Never rent to someone you’ve never met or done a background check on especially someone from another country. This is called the Nigerian Scam because the person will say they are from Nigeria. Even if the check appears to be real, it can bounce weeks later, and you’ll be responsible for the fees associated with that too.

How to Prevent it From Happening to You

As mentioned above, you always want to meet your potential renters in person. Real estate scams are hard to get away with when you have the person’s social security number to do a background check. Always perform background checks. Property managers in West Valley City know to have a process for properly screening all potential renters.

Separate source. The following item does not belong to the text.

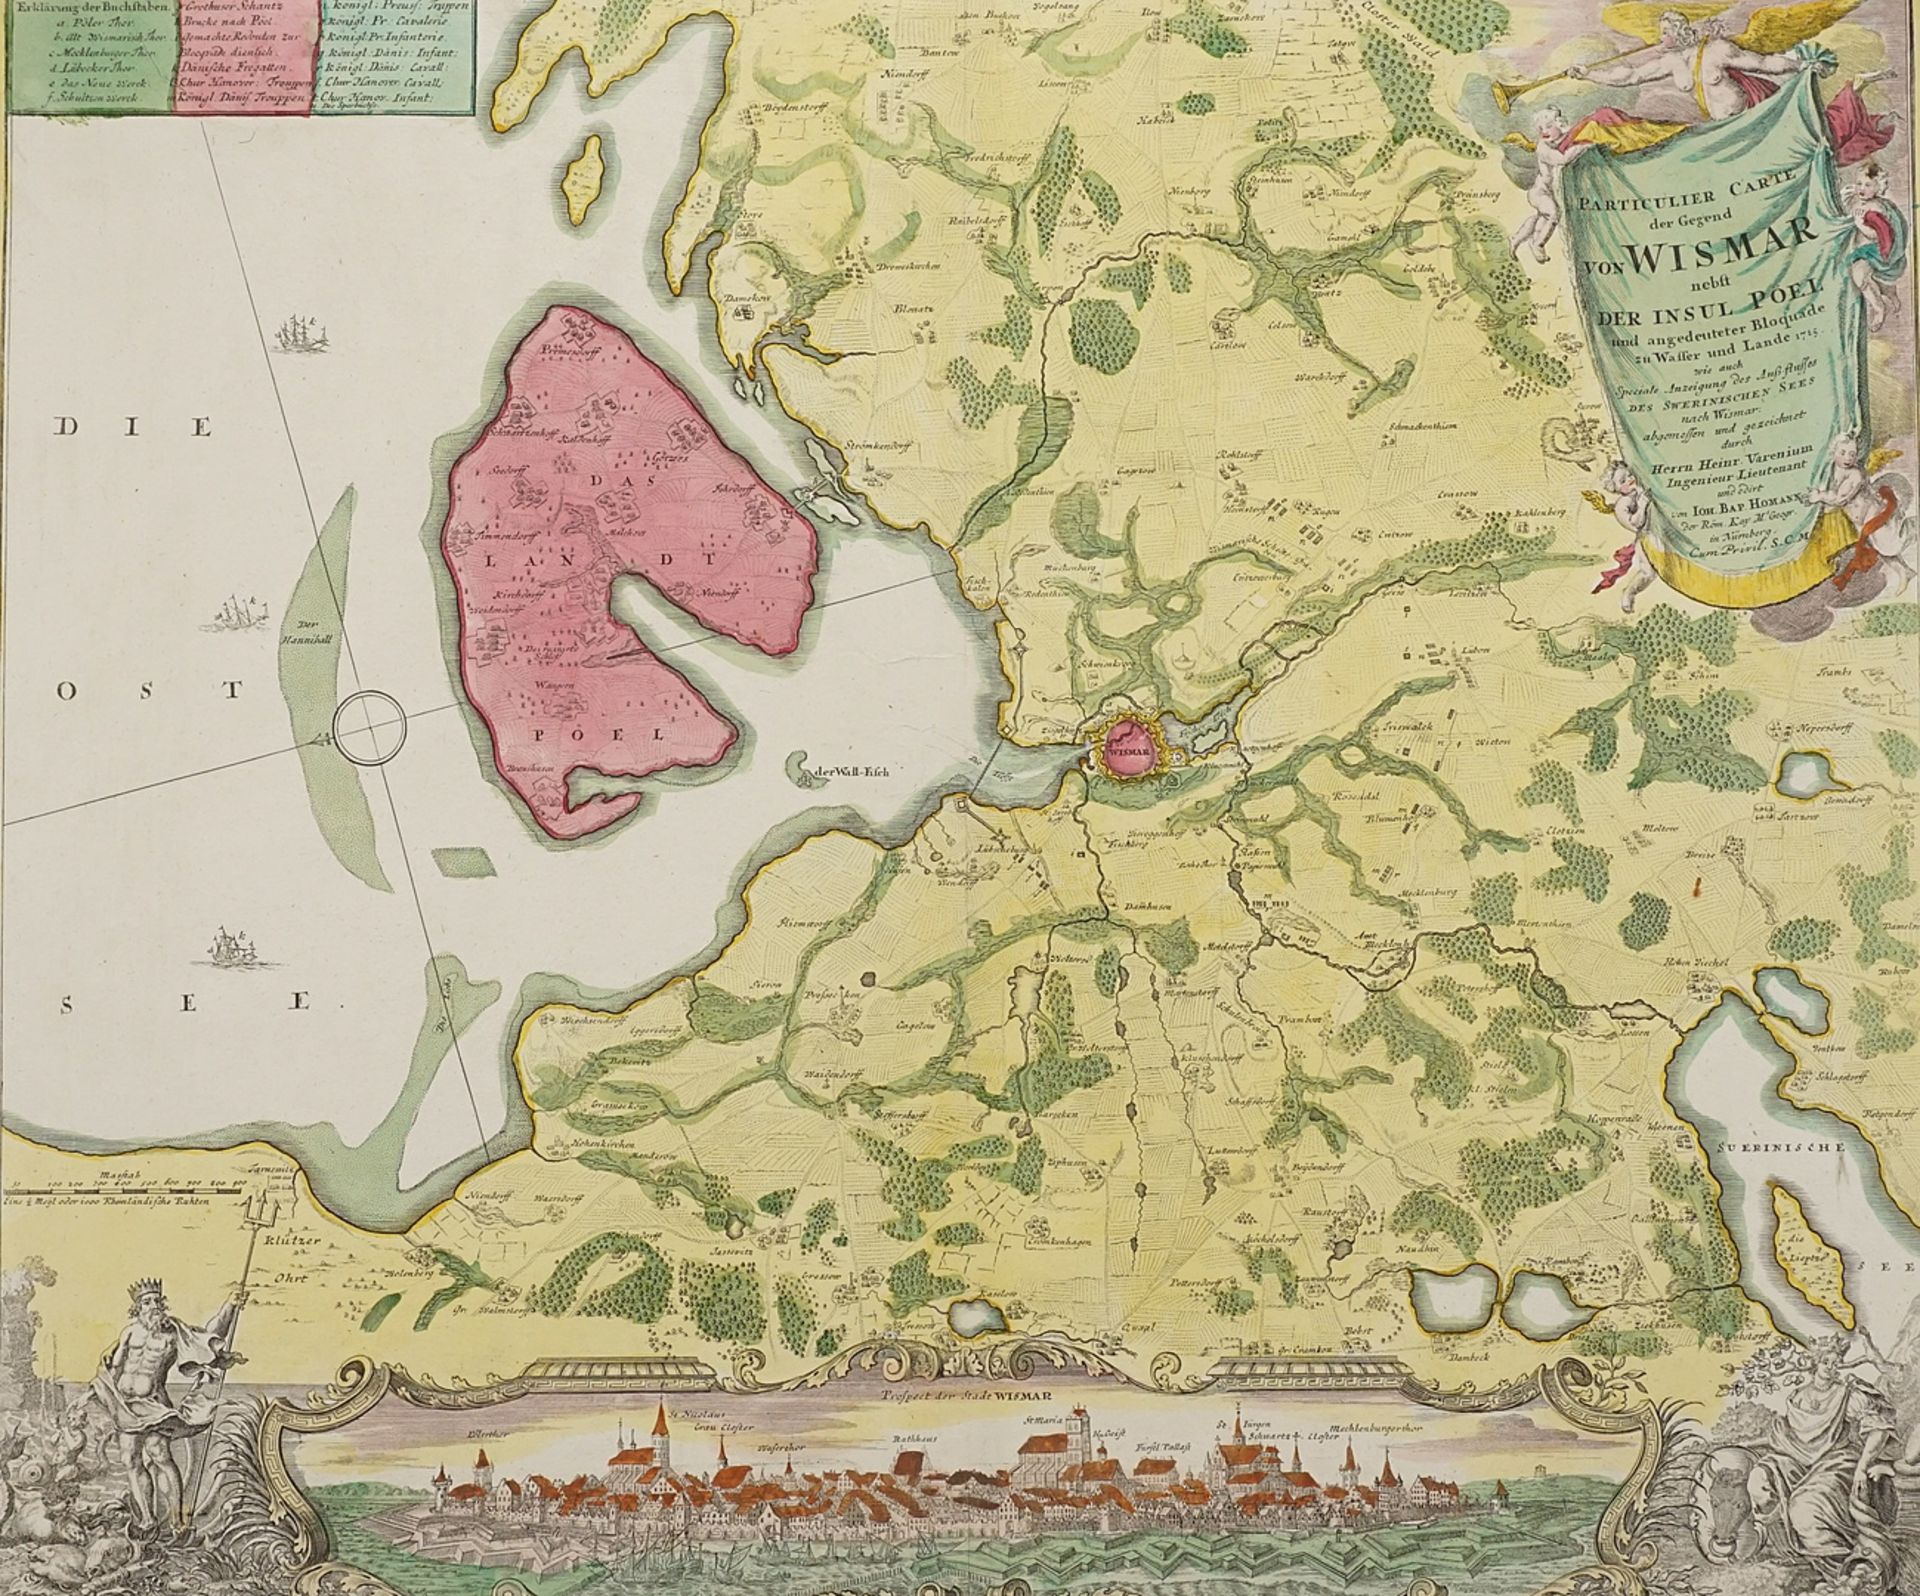 Johann Baptist Homann (1664-1724), "Particulier Carte der Gegend von Wismar" (Map of Wismar region)

With your applications, have a list of criteria you expect from the tenant. It should include good credit rating, no evictions on their record and proof of income. When the scammer sees that you know what you’re doing, it’s unlikely you’ll see that person again.

Verify all information provided to you by the tenant. Ask for a fee to cover the tenant screening process. This will help offset the cost of screening each applicant. All of the application should be fully filled out by the potential tenant. You can return the application to anyone who didn’t fill it completely.

When verifying the person’s current employment, search online for their address and phone number to ensure it matches what was provided. Call the number listed online for verification. Don’t trust the number provided by the potential tenant.

Checking rental history means ensuring that you’re verifying ownership of the landlord’s property and looking up the phone number for the landlord online. You shouldn’t trust any number provided by the applicant.

Ask to get the tenant’s photograph for your records once you’ve done your screening. Scam artists won’t want a photo attached to their rental agreement. At the same time, once you’ve really vetted the tenant, they likely passed all the other checks. That means they’re not a scam artist. It doesn’t hurt to be too careful though.

Meeting the tenant, getting their social security number, taking their picture and verifying all the information you can online are a few ways to learn how to spot a rental scammer. You’ll want to authenticate and document every part of the process from start to finish. This will help you avoid being stuck with a nightmare tenant out to scam you.